Audra Anderson reigned as Klipsun’s editor-in-chief from a computer screen.

“It was just chaotic at first, because no one really knew what was going to be happening,” she said. “Nobody knew how long it was going to last. The saying is so cliche now, but it was new and unprecedented.”

Editorial meetings didn’t consist of spirited conversations about ideas for the upcoming issue, but were replaced with discussions on how to make things work given the uncertainty.

A wall covered in magazine spreads and the corner of the newsroom that contains a whiteboard and clock.
Old covers on the wall in Klipsun’s newsroom. Photo by Linnea Hoover.

In the beginning, Anderson said the most difficult part of the process was unlearning everything she had spent the previous four years trying to master. In-person interviews were no longer a possibility, let alone a priority, and a print issue was unlikely. The things Anderson had dreamed of after landing the job were virtually out of the question.

“We were really concerned about participation and just teaching effectively, and making sure that the students felt supported when we had all been so used to doing that in person,” Anderson said. “With my team, a lot of it was trying to figure out creative ways to make Klipsun engaging digitally.”

Many stories included in the Spring 2020 issue of Klipsun centered around the pandemic — which Anderson said she expected and encouraged — but she didn’t want it to occupy the entire issue. She was looking for a balance between what was consuming everyone’s day-to-day lives and stories that would remain relevant after the pandemic.

“[April 2020] was so early in the pandemic. That was when the pandemic was in its infancy. And we were already talking about COVID-19 exhaustion,” she said. “Now looking back is just almost laughable to me, because it was still valuable, certainly, to report about stuff like that at the time.”

One story in the issue, “Thank You, Come Again,” shed light on the worsening discrimination Asian Americans faced during the pandemic, an experience that parallels the discrimination Muslim Americans faced after 9/11.

The article discussed episodes of vandalism and blatant racism experienced by Asian businesses around Seattle.

The son of an Asian American business owner told reporter Maks Moses that during the lockdown, they would receive a seemingly normal takeout order, only to be asked if the restaurant “served bat.”

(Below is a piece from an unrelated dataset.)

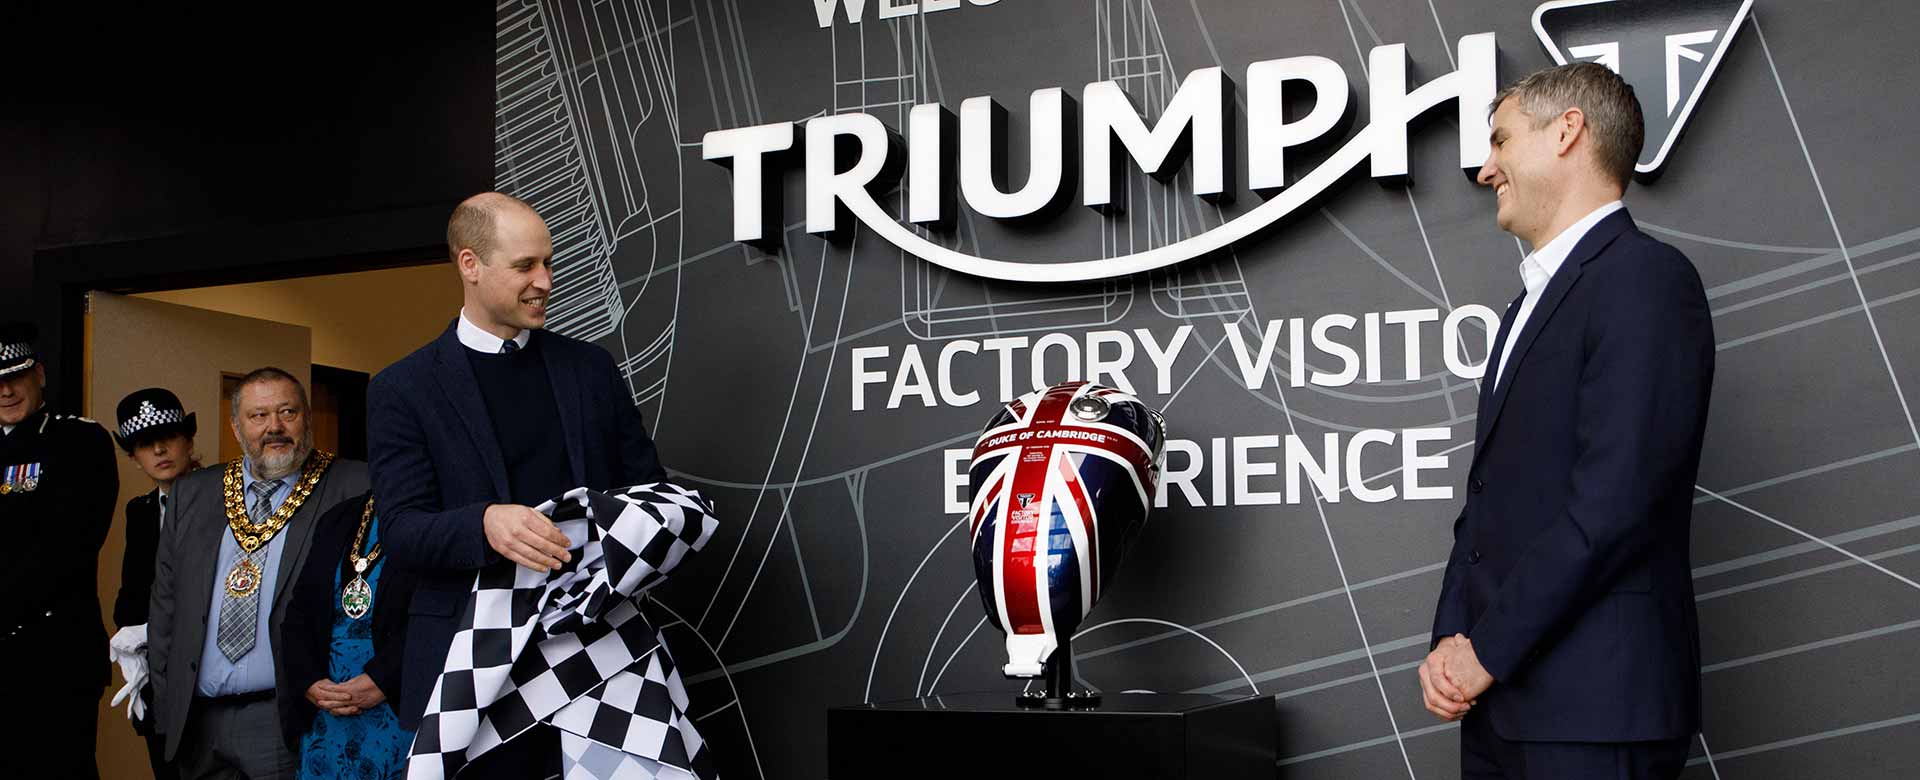 Triumph Factory Visitor Experience Prince William Guest

16 different magazine covers. Key covers show a man eating ferociously and messily, two women wearing headscarves, a person wearing a prostetic leg, and a woman standing in a lake (the cover from Wake).
Recent covers from 2010 to 2020 including Wake, the last print edition published before the pandemic, on the wall in the Klipsun newsroom. Photo by Sadie Fick.

Moving Forward

Crumpacker wonders what it would have been like to report on 9/11 with access to the technology available today. The pandemic will have a long-lasting impact on our lives, as will increasingly accessible information and technology, she said.

Anderson was one of many students who graduated that spring without ever setting foot on campus again. She is currently working at a small community newspaper in North Dakota.

Looking back, she realized her time as editor-in-chief under lockdown better prepared her for a career in journalism, as it forced her to adapt to a completely virtual setting without the familiarity of in-person reporting.

“I think it’s easy to get disillusioned in this field, especially outside of college, because it is such hard work, especially local community journalism,” she said. “I’ve accomplished a lot since being in this position. So I feel like I’m moving forward, which I think is the most important thing for me.”